Exercise input ▸
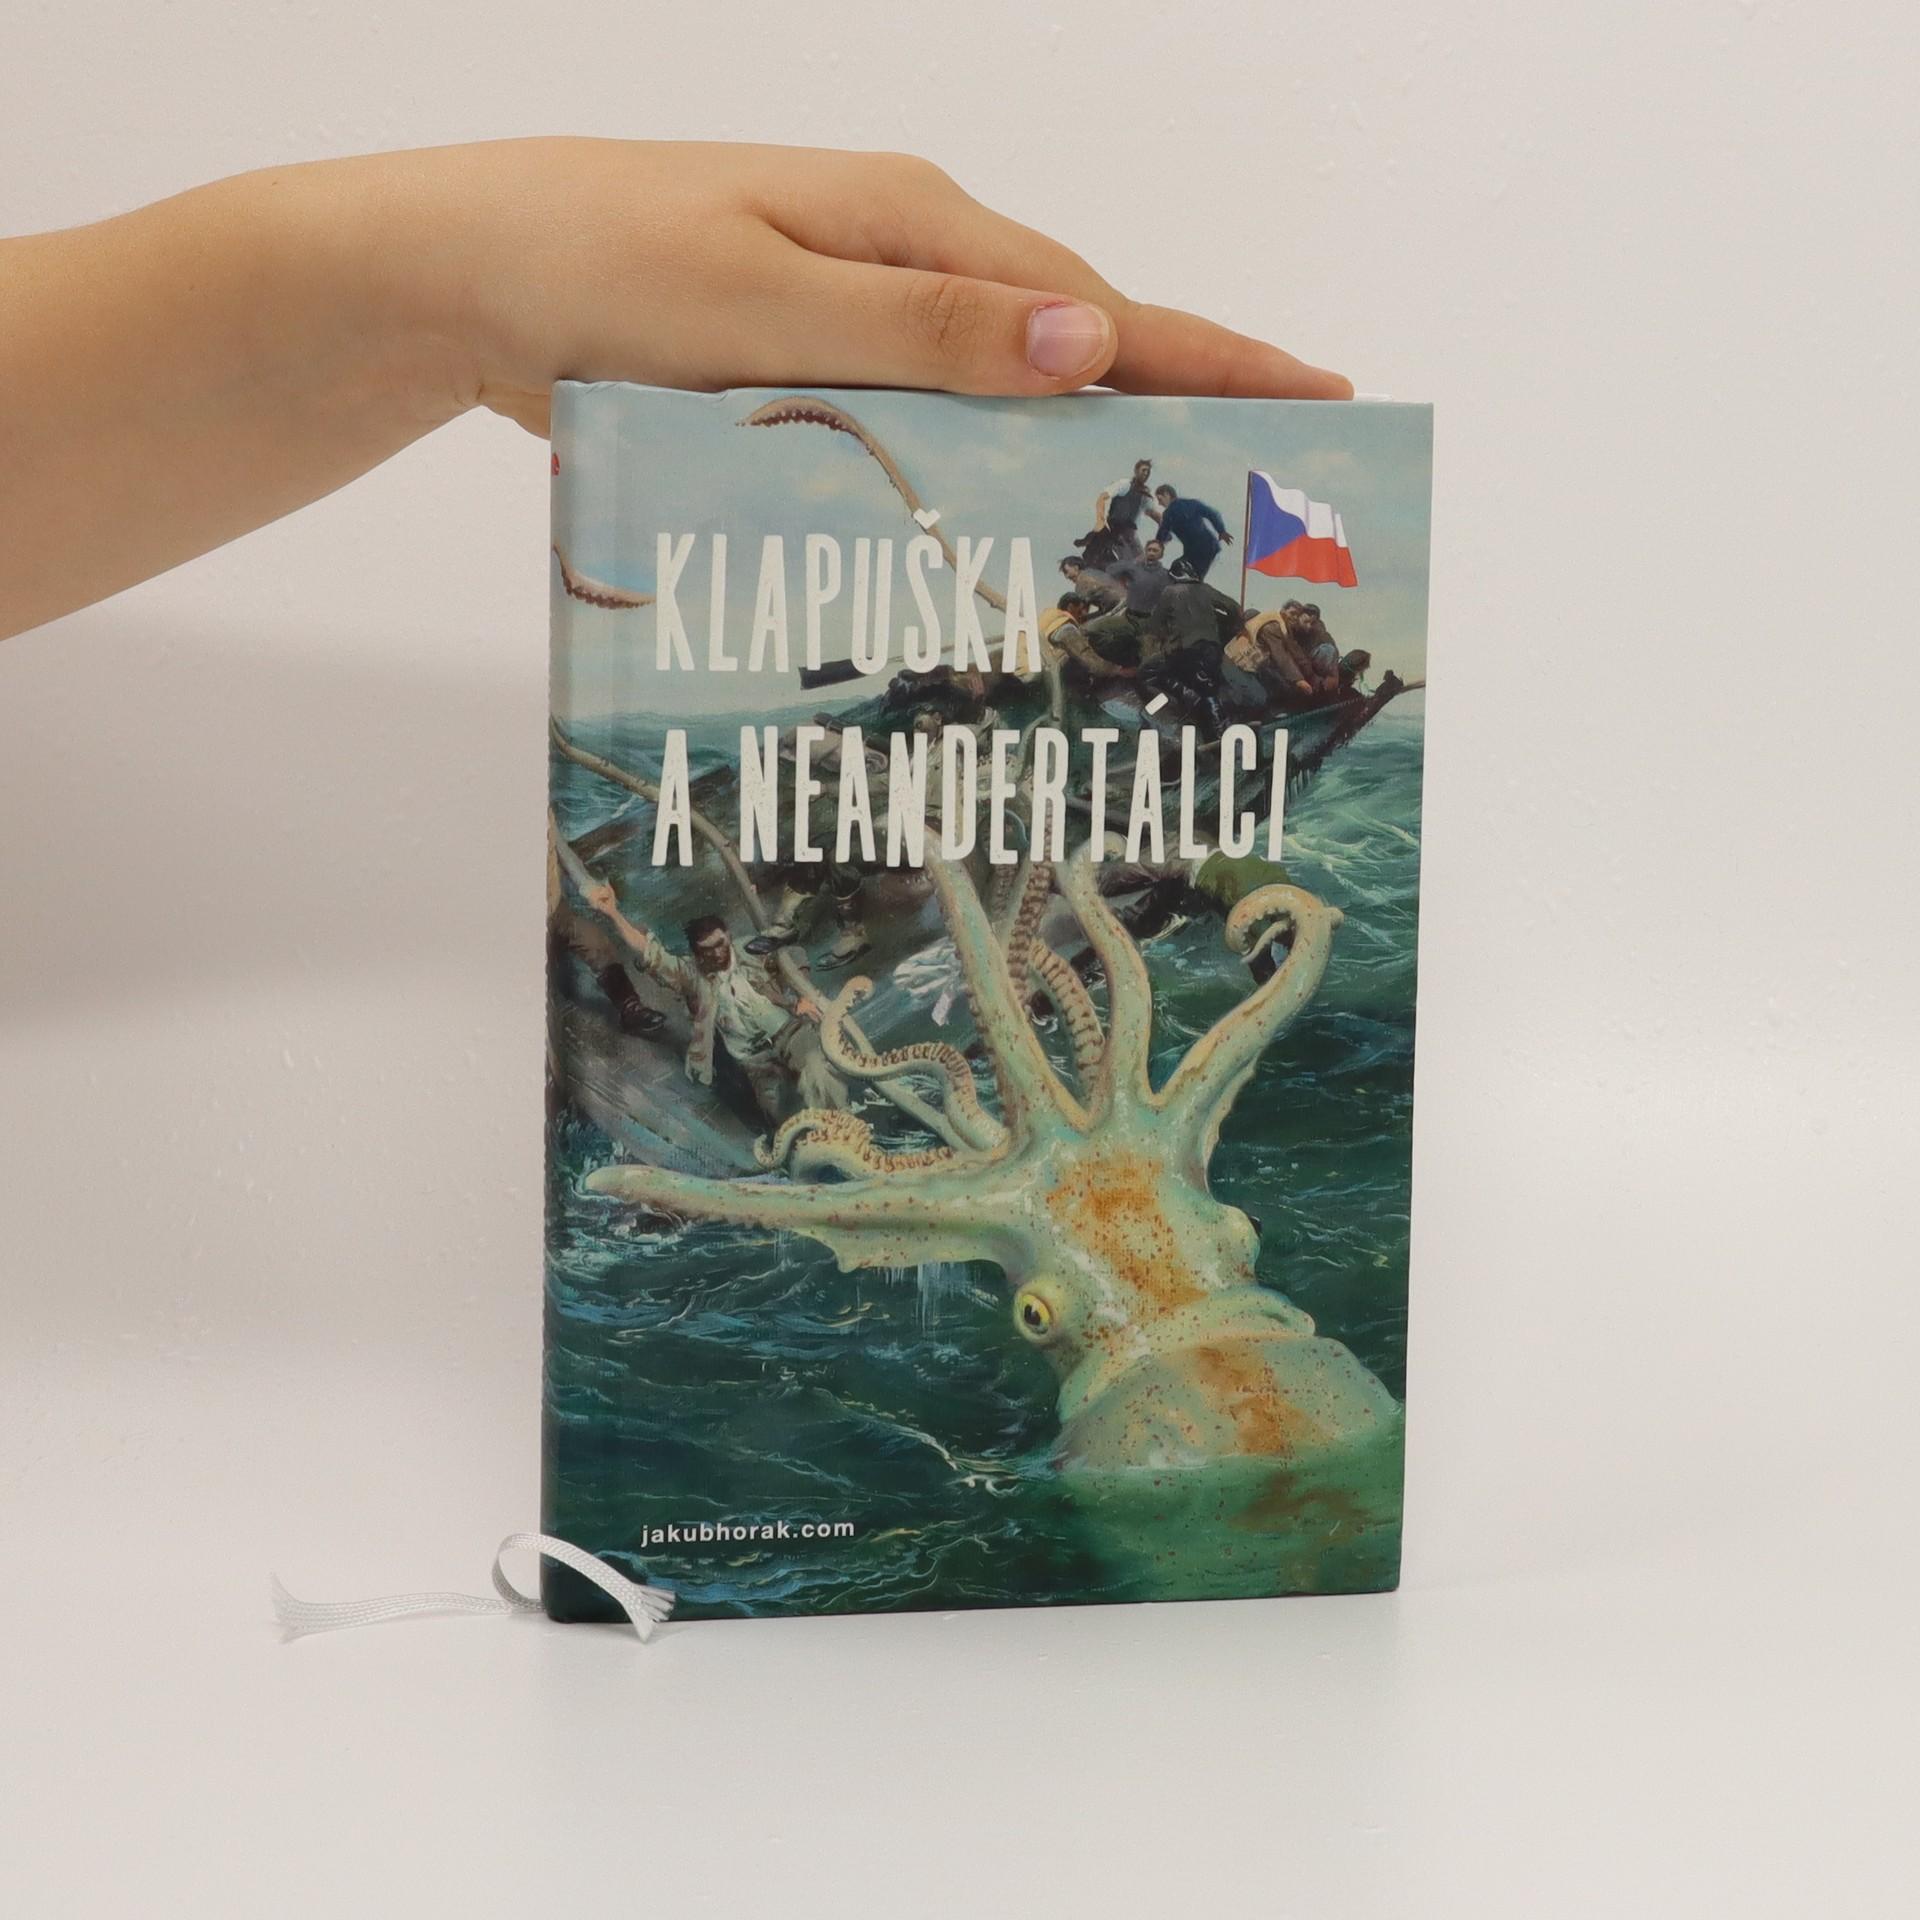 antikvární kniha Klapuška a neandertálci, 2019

--

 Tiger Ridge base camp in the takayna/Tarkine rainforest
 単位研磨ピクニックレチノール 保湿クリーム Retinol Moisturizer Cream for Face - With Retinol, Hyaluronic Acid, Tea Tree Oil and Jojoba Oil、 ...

...

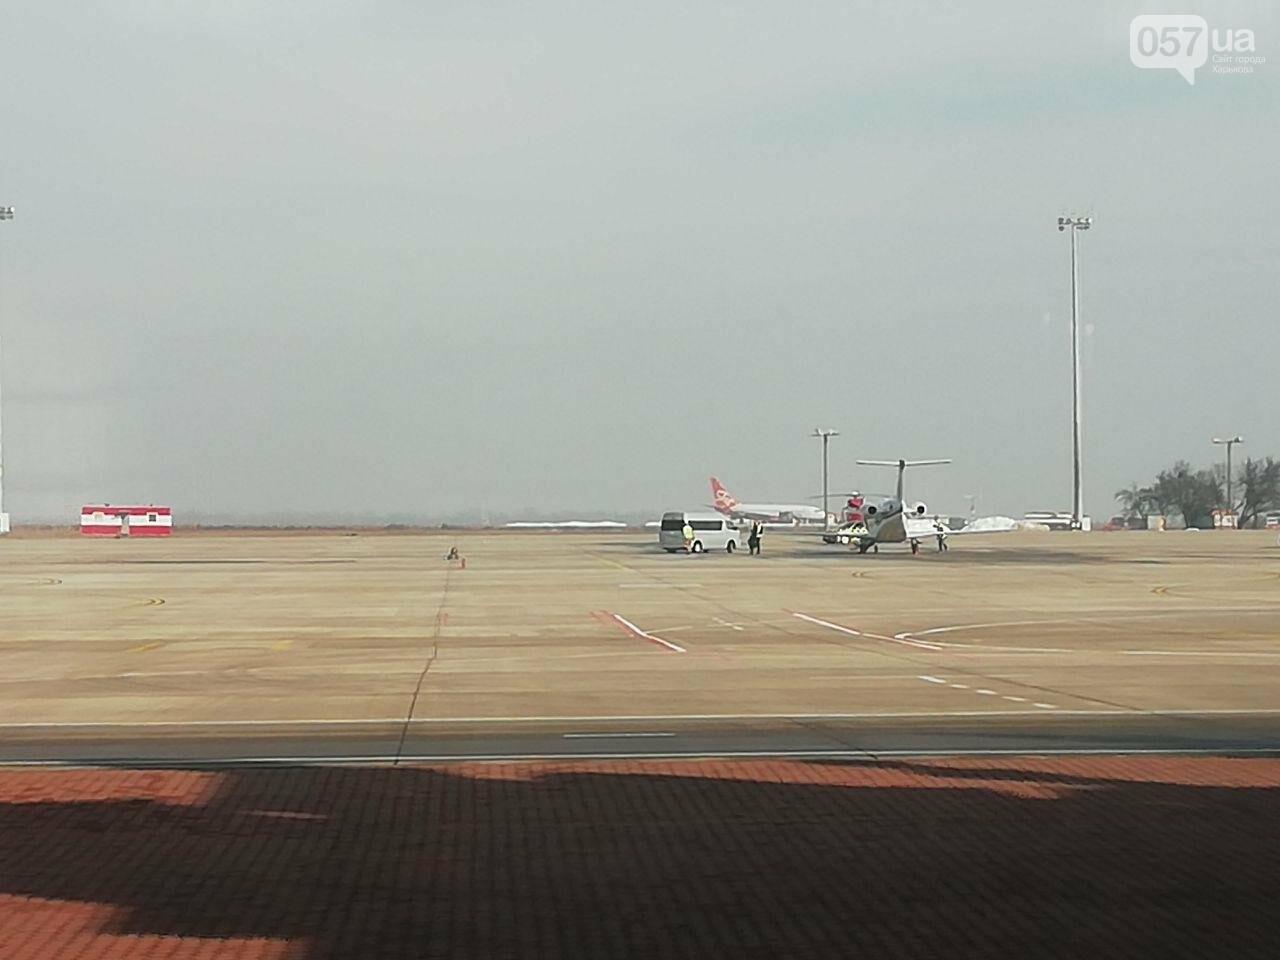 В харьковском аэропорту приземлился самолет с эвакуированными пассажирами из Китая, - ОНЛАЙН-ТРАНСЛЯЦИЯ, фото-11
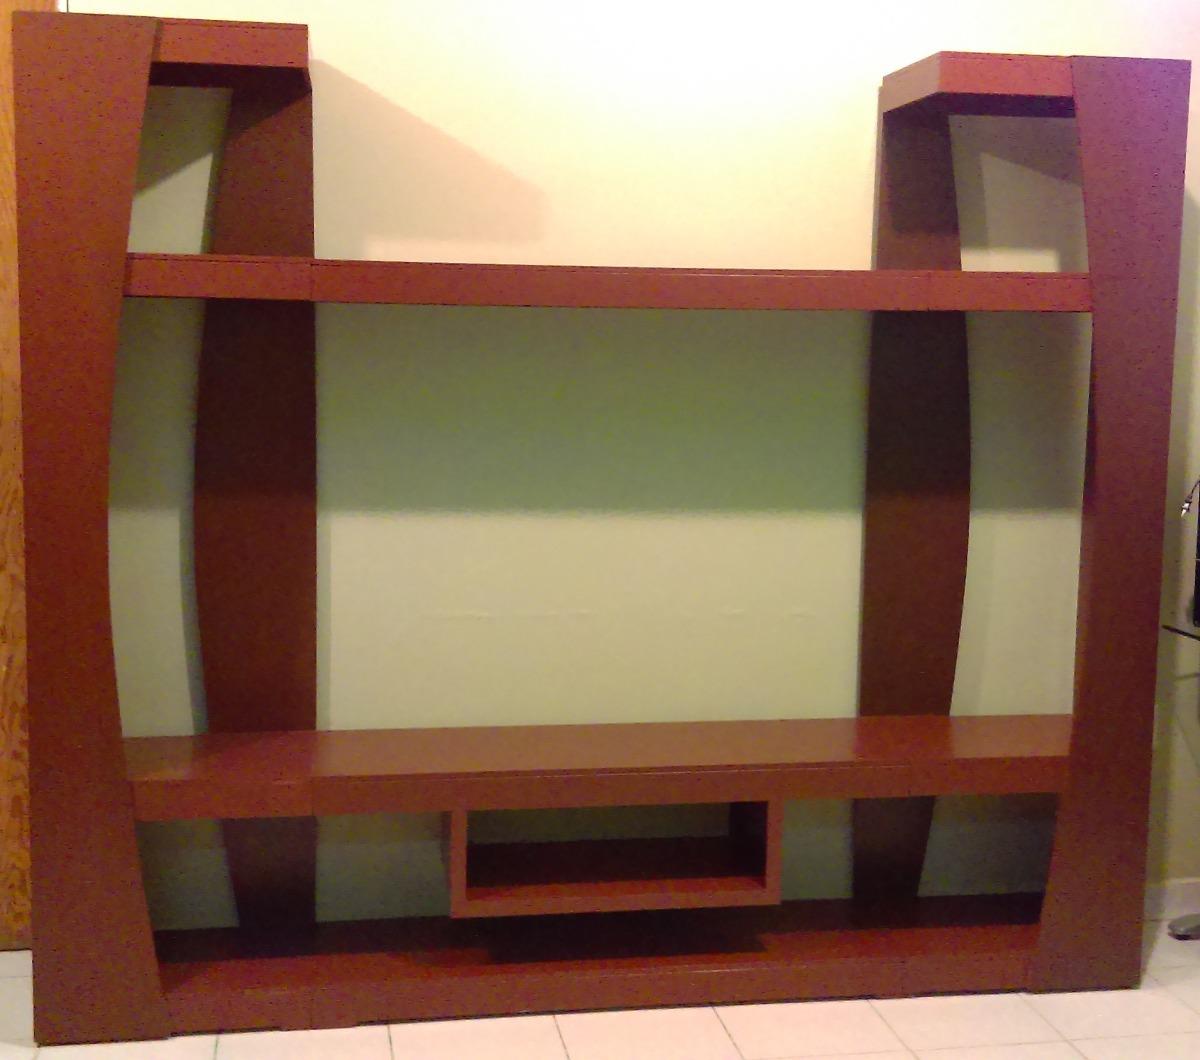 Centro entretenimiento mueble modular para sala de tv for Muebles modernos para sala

Assignment ▸ Above are the records; please give again, exactly and in full, only the lines that run from the line with "В харьковском аэропорту" through the line with "Centro entretenimiento mueble", with no pictures.

Output of the exercise ▸
 В харьковском аэропорту приземлился самолет с эвакуированными пассажирами из Китая, - ОНЛАЙН-ТРАНСЛЯЦИЯ, фото-11
 Centro entretenimiento mueble modular para sala de tv for Muebles modernos para sala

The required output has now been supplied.